Otx2 mRNA expression is downregulated following traumatic brain injury in zebra finches.

Abstract

Traumatic brain injury (TBI) induces a wide range of neurodegenerative symptoms, yet effective treatment strategies remain limited. Emerging evidence suggests that post-TBI recovery recapitulates aspects of early brain development, highlighting the potential for developmental molecular mechanisms to inform therapeutic interventions. The transcription factor Otx2 is critical for early brain and sensory organ development, as well as the maintenance of retinal and neural function in adulthood. Notably, the transfer of Otx2 homeoprotein into parvalbumin-expressing (PV+) GABAergic interneurons is essential for opening and closing critical periods of plasticity across vertebrates. Here, we investigate the acute regulation of Otx2 mRNA following TBI in adult zebra finches (ZF) to evaluate its potential as a target for future study and therapeutic manipulation in neural repair.
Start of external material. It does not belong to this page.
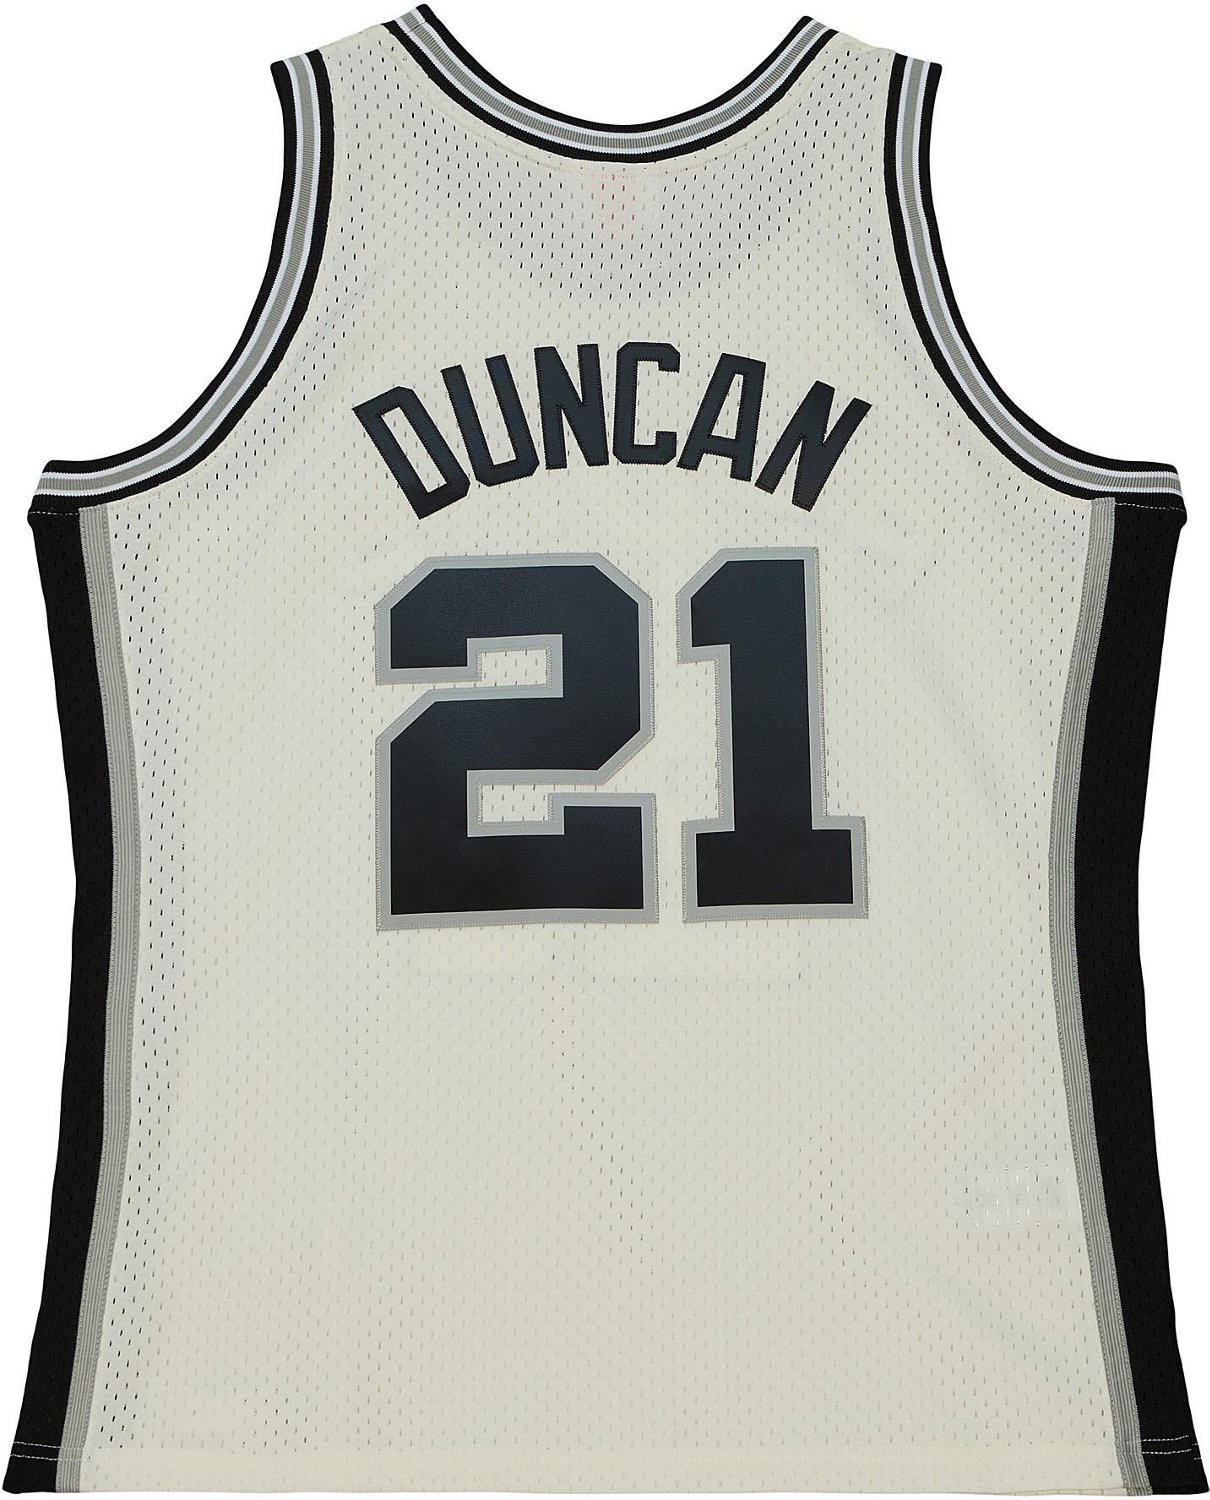 Youth Tim Duncan Jersey  San Antonio Spurs Mitchell & Ness

Adult ZFs sustained unilateral hemispheric brain injuries, and qPCR was used to quantify Otx2 mRNA expression at 24 hours and 1 week post-injury in both males and females. Our findings reveal a significant downregulation of Otx2 mRNA expression following injury, highlighting Otx2 as a potential target for further investigation and manipulation. These results provide insight into the molecular response to brain injury and suggest a potential link between developmental pathways and post-injury plasticity.